_Extracted material:_
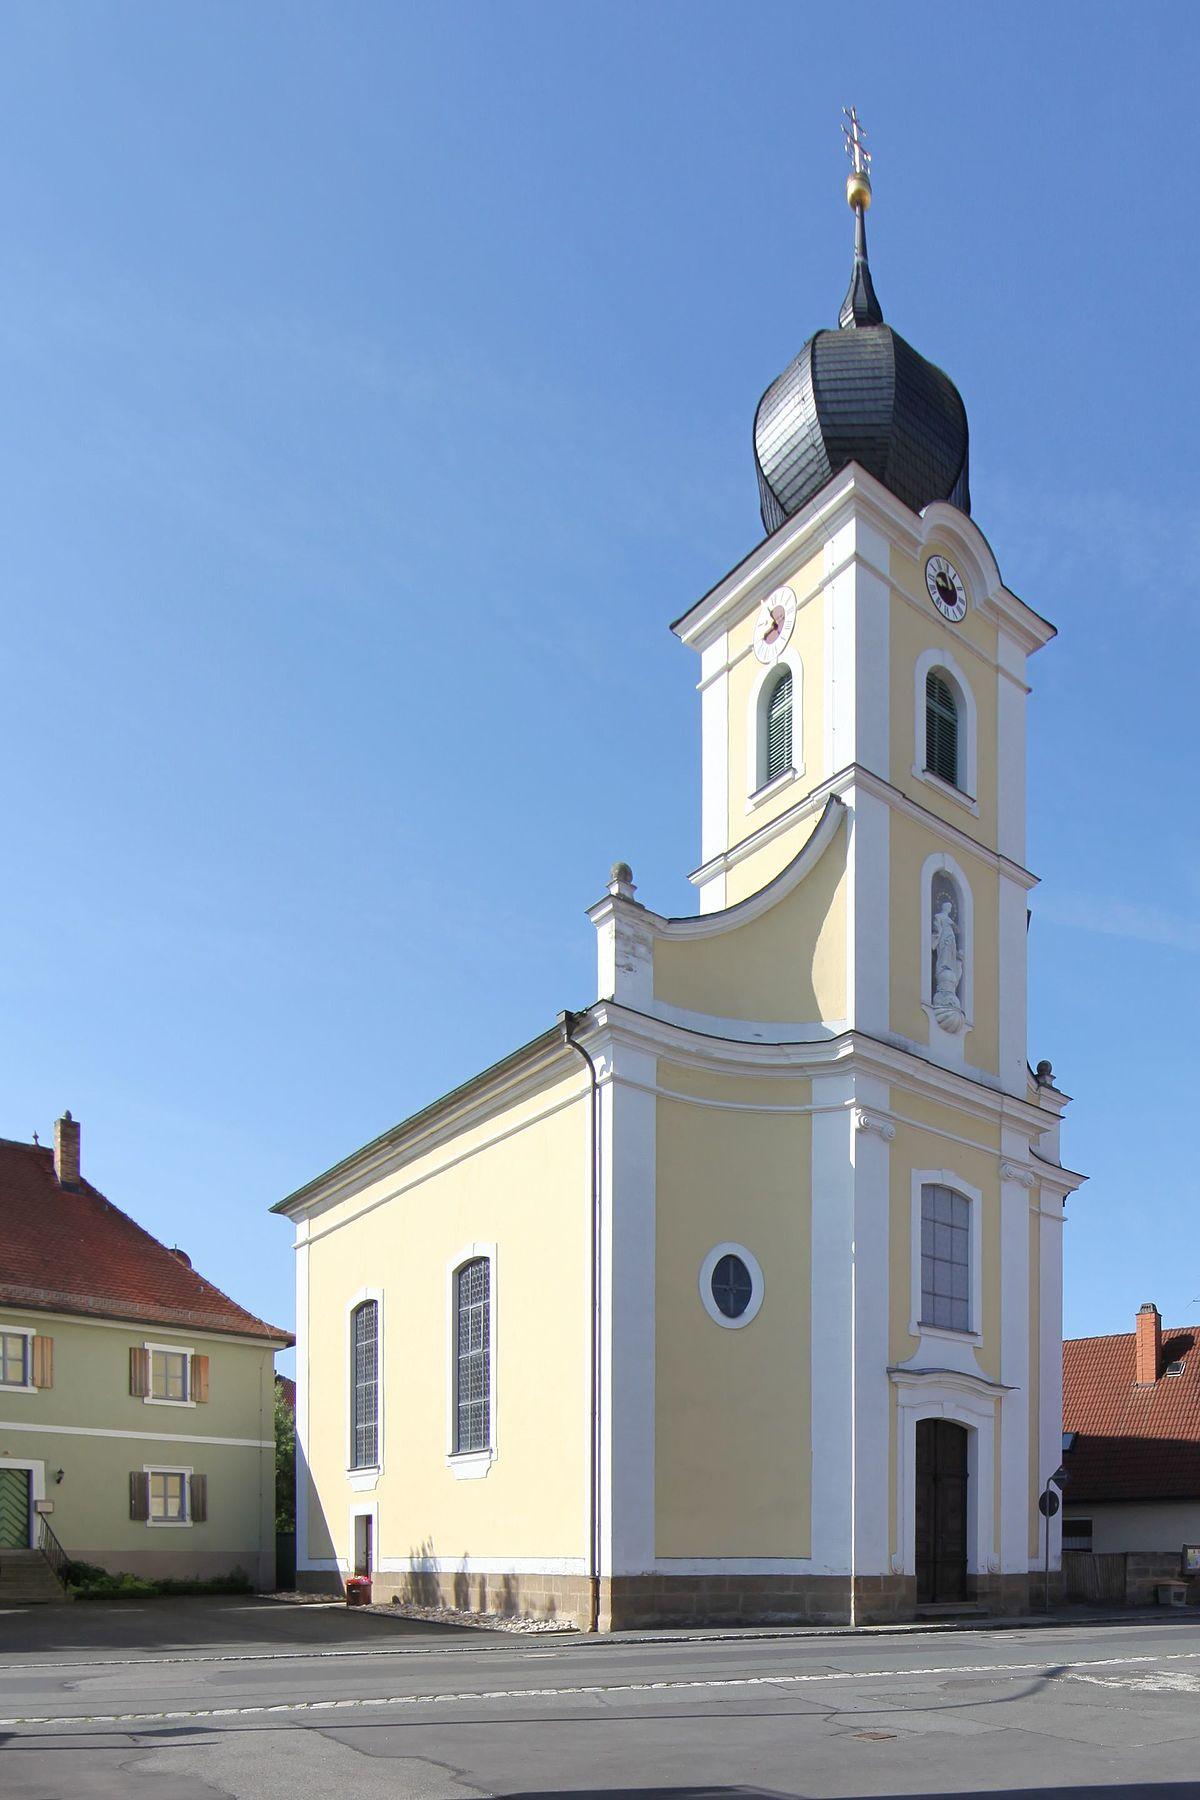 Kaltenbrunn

--

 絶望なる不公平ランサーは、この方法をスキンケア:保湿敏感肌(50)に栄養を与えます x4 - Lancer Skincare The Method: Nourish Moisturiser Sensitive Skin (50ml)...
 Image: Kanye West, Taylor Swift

_Task requirements:_ Write out exactly the lines above from the line with "絶望なる不公平ランサーは、この方法をスキンケア:保湿敏感肌(50)に栄養を与えます x4 - Lancer" through the line with "Image: Kanye West, Taylor Swift", both of them included, and leave out all other lines.

_Answer to this problem:_
 絶望なる不公平ランサーは、この方法をスキンケア:保湿敏感肌(50)に栄養を与えます x4 - Lancer Skincare The Method: Nourish Moisturiser Sensitive Skin (50ml)...
 Image: Kanye West, Taylor Swift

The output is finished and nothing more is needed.